A look at the bureaucratisation of the Church and the Shamazon Sin-od.
From One Peter Five
By Honora Kenney
We’ve heard it before: universities have changed. Professors no
longer teach “Shakespeare 101,” but “Shakespeare and Gender in
Multimedia” or “Elizabethan Bard Culture.” And poets like Milton and
Crashaw have been “canceled.” The classics aren’t just too dead, too
white, and too male — they’re too elitist now, too. To delight in the
grandeur of their language is classist bigotry. Analyzing comic books is
far nobler, a celebration of the proletarian spirit.
As you walk through the halls of a liberal arts building, instead of
hearing rousing classroom debates about the objective merits of
historical texts or works of art, you’ll hear “dialogues” dancing around
relativist interpretations. “Well, I feel that Van Gogh’s
being a bit aggressive in this piece,” a student might say. (No, kid, he
chopped his ear off just for fun.) And papers won’t address beautiful
versus ugly or up versus down. They’ll just explore alternative
horizontal “pathways” for “reinterpreting” art and literature in
“subversive” new ways.
These changes are driven and sustained by university administrations — which have become increasingly bureaucratic.
And the “bureaucratic turn” makes sense if you think about how the
courses operate. After all, it requires multiple lateral “pathways” in
order to sustain exploratory “dialogues” about “building campus
culture,” when you could instead have vertical command chains that
simply execute effectively. (But why pay a starving adjunct professor a
decent wage when you could be paying the campus’s new fleet of
“diversity officers”? And besides, hierarchies may be effective, but
they’re also inherently patriarchal, and we can’t have that.)
The seeds of change within the university were planted decades ago,
with “folks” like Michel Foucault dismissing entire artistic movements
as simple power struggles between oppressed and non-oppressed. The new
“folks” are the students themselves, who scour textbooks looking for
reasons to be offended before running off to bully campus leaders into
action, whether it’s covering murals, razing statues, or banning books.

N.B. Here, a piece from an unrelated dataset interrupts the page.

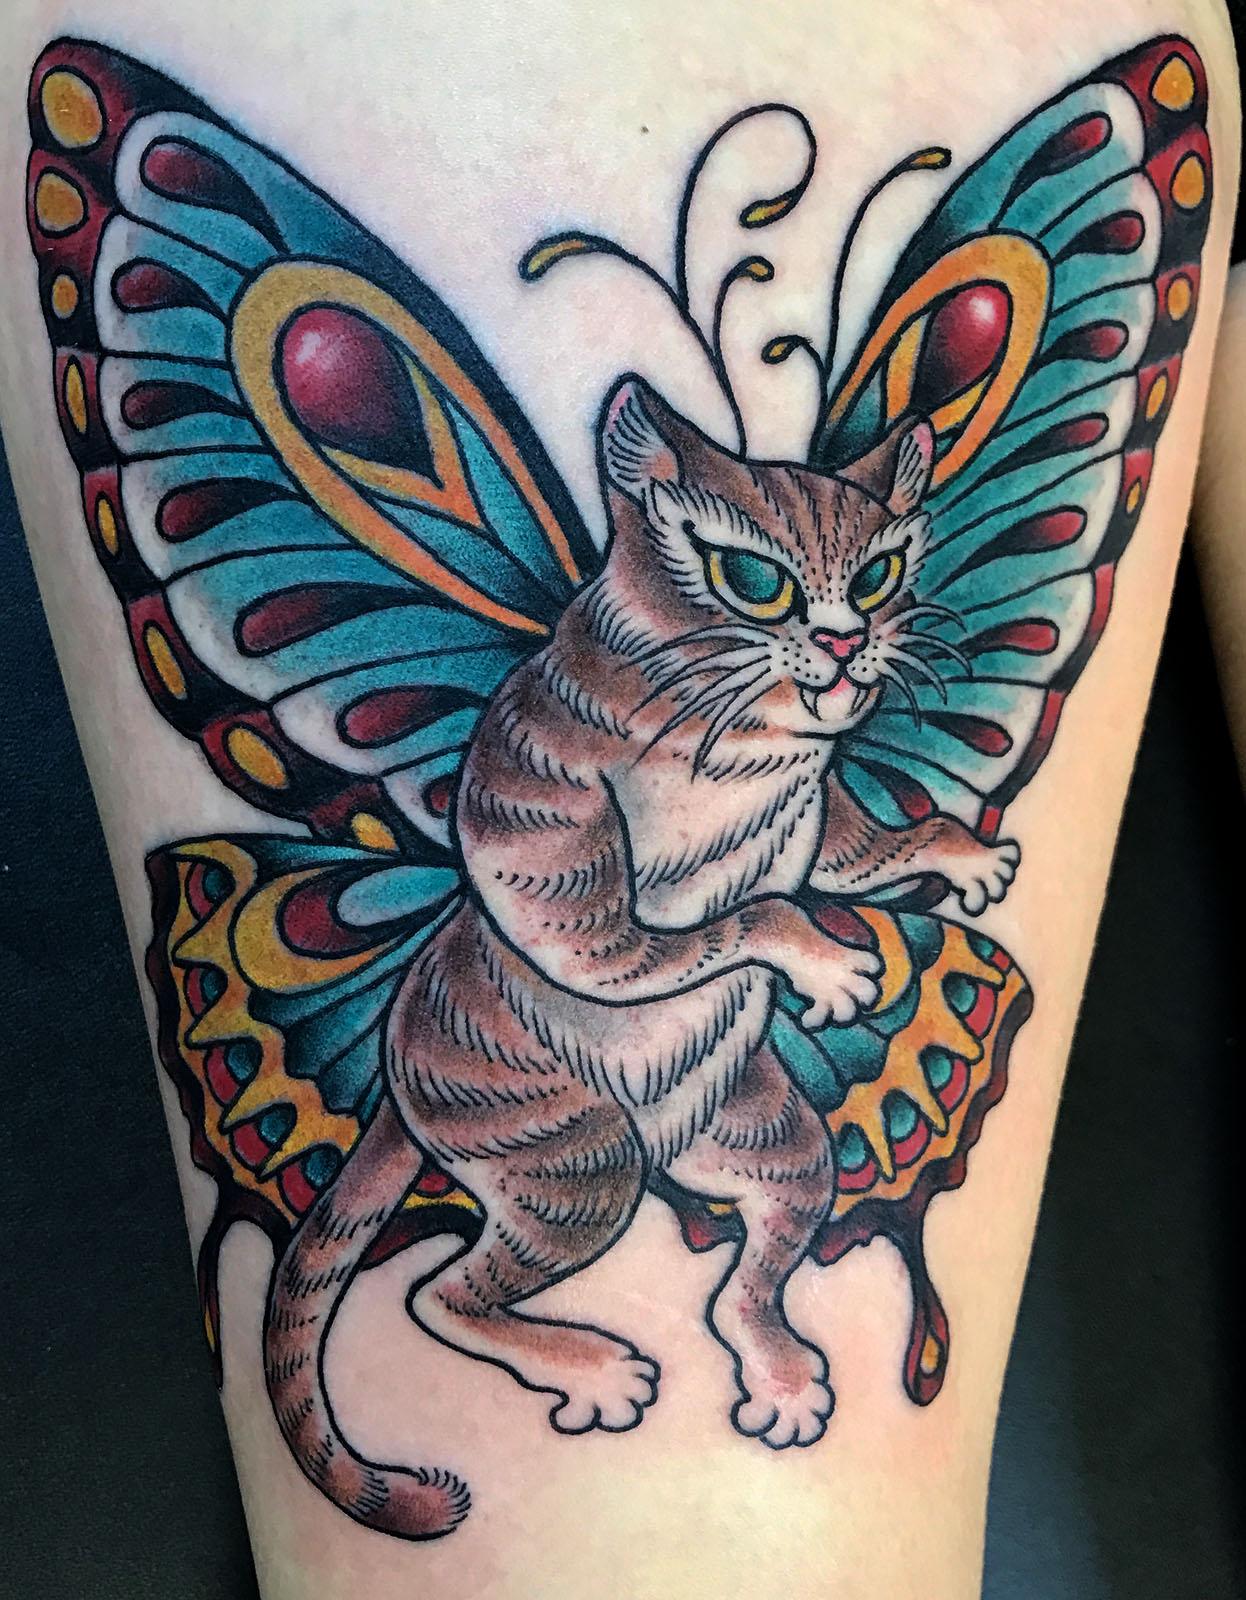 catterfly.jpg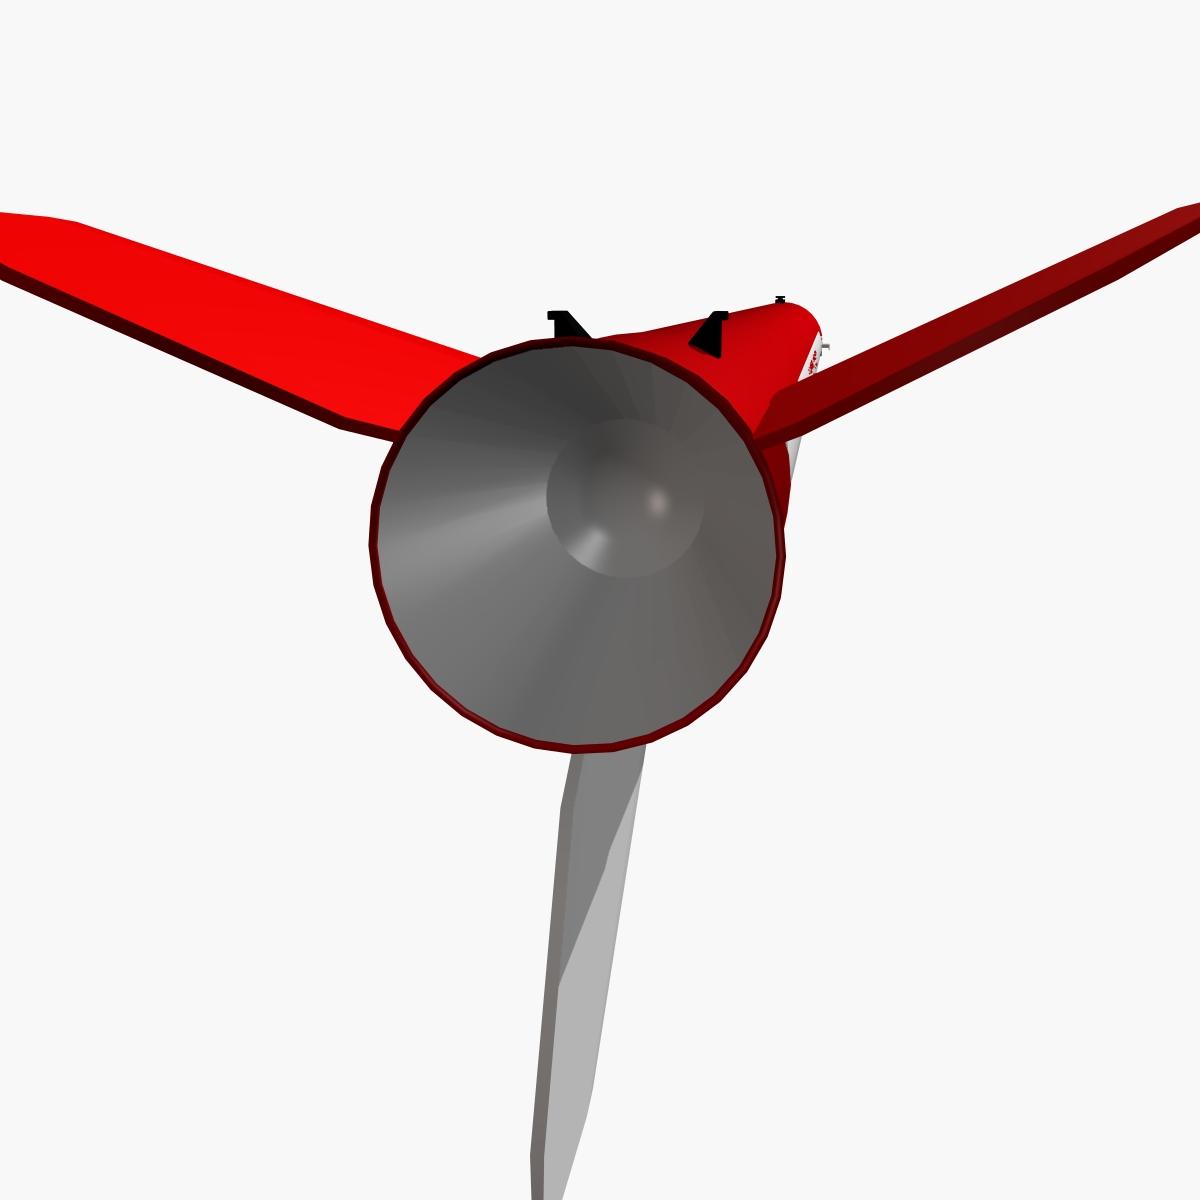 хар хун III пуужин 3d загвар 3ds дууг сонсогдож dxf cob x obj 150819

So too with the Vatican. For decades now, Rome’s faithful have been
subjected to the low rumble of intensifying drumbeats — and I’m not just
talking about the bongo drums that replaced Gregorian chant and
Palestrina at Mass. These are the drumbeats of change — and with this
month’s Amazon Synod, they’re coming to the end of their crescendo.
How best to foster Catholicism among the Pan-Amazonian region is a
valiant pursuit, to be sure: Christ commissioned the faithful to spread
the Gospel across the Earth, and the Amazon presents evangelization
challenges that warrant attention. For example, lack of priests means
administration of the sacraments in some areas is devastatingly scarce.
In the past, when similar obstacles presented themselves, the best
missionaries doubled down on virtue, calling on Christ to strengthen
them in compassion, chastity, and humility so they might best serve
their flocks. Many even shed their blood, dying as martyrs and saints.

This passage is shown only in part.